Тюрьма - Светов Феликс. Страница 39
— Видите ли, Султан,— говорит комиссар,—у нашего писателя особые обстоятельства, он…
К нам влезает шнырь.
— Давай, Серый, с тобой хотят поговорить…
Гарик вернулся с вызова, а я и не видал — как тут углядишь! Лежит на первой шконке, кулак под головой, рядом те же ребята, грузин — что-то он мне не нравится, еще один, в тот раз его не было: круглолицый, молчаливый.
— Давай, Серый, договорим, на самом интересном месте прервали — ты не в обиде? Тюрьма… Огляделся?
— Трудно понять,— говорю,— такой камеры не видал.
— Хочешь уходить?
— А куда мне уходить? Меня не спрашивали.
— Как жить будешь — писатель, интеллигент, а мы, знаешь, кто?
— Такие, как я.
— Слыхали, мужики? Мы грабители, убийцы, воры, насильники — как ты с нами будешь?
— Ты меня не пугай, Гарик, я третий месяц в тюрьме, навидался. Мы тут все зэки.
— Чего ж тебя со спеца выкинули, кому не угодил?

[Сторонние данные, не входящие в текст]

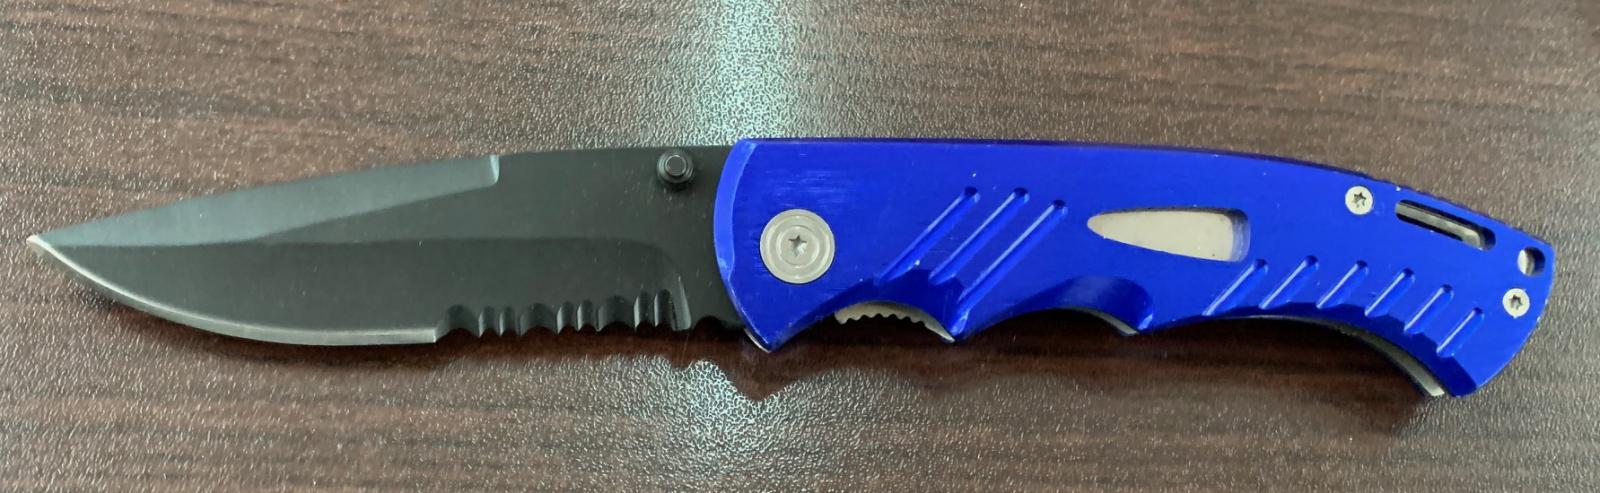 Складной нож с ярко-синей рукояткой

— История простая. Я здесь два с половиной месяца, а вчера первый раз дернули на допрос. Гляжу, та самая, что на обыске, я б на нее еще десять лет не глядел…

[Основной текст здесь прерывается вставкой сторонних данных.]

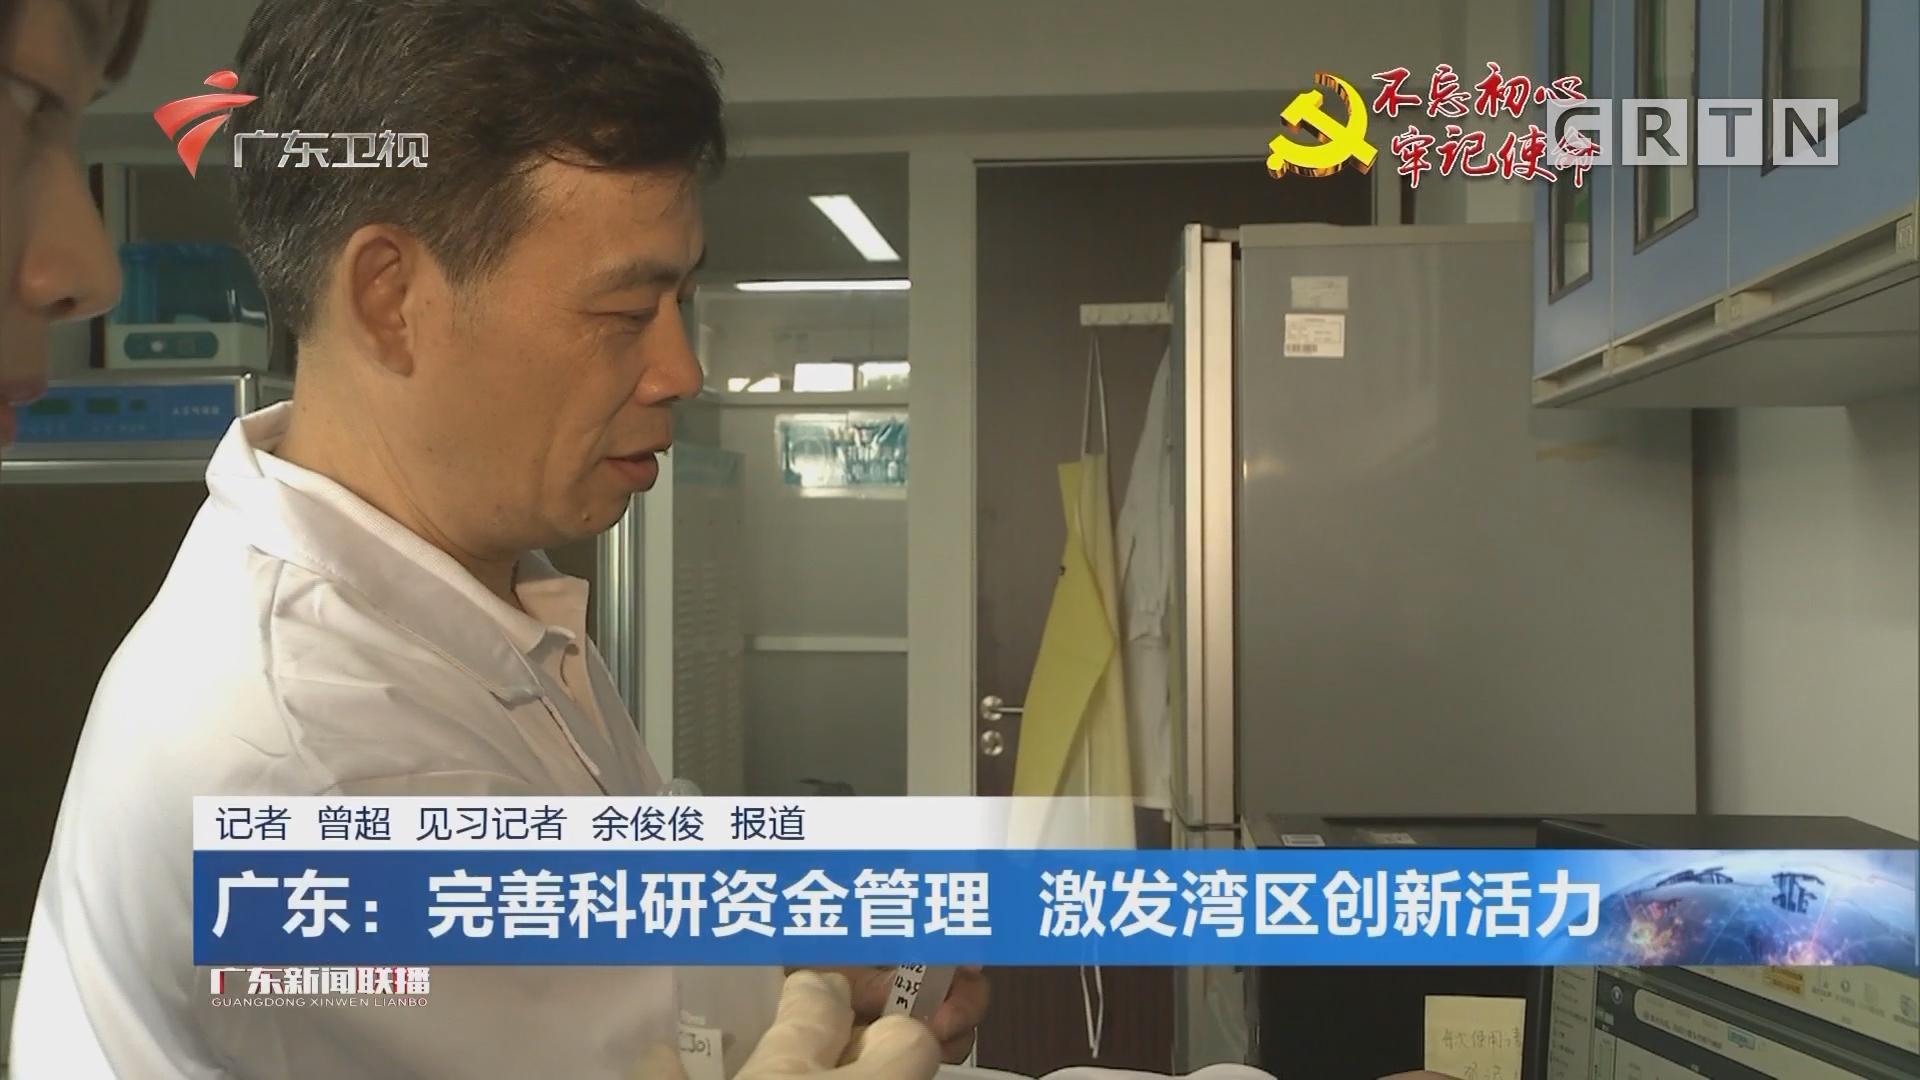 广东:完善科研资金管理 激发湾区创新活力

— Не соскучился по бабе? — Гарик смеется.
— Нет, говорю,— я по воле соскучился.
— А она чего предложила?
— Один-другой вопрос, я говорю: я еще в КПЗ сказал, не буду участвовать в следствии. Так, может, мол, поумнели за два месяца. Я думал, вы поумнели… Про белого бычка. А сколько, мол, человек в камере — шестеро… И тут понял, не жить больше на спецу. Утром потащили.
— Сука,— говорит молоденький, — она, кто ж еще, тут гадать нечего, задавить им тебя надо.
— Помолчи, Костя,— говорит Гарик,— тебя не спрашивают… Шесть человек в камере?
— Шесть, я седьмой.
— А кто стучал?
— Кто их знает, у меня со всеми нормальные отношения, зачем на меня стучать?
— Хреновый ты писатель, если в людях не сечешь. На кого стучать, как не на тебя? Да еще на спецу! Был в камере кто не по первой ходке?
— Были. Мой кент третий раз. Еще один старик — сорок лет отмотал, его, правда, увели…
— Кент!.. Как фамилия? Какая статья?
— Посредничество во взятке. Бедарев. Непростой мужик, но у меня с ним все хорошо. У него доследование, суд был в январе, теперь летом…
— Неудобно говорить, Серый, человек ты, вроде, солидный, но таких лохов поискать. Да он осужденный, твой Бедарев, чего ему делать на спецу?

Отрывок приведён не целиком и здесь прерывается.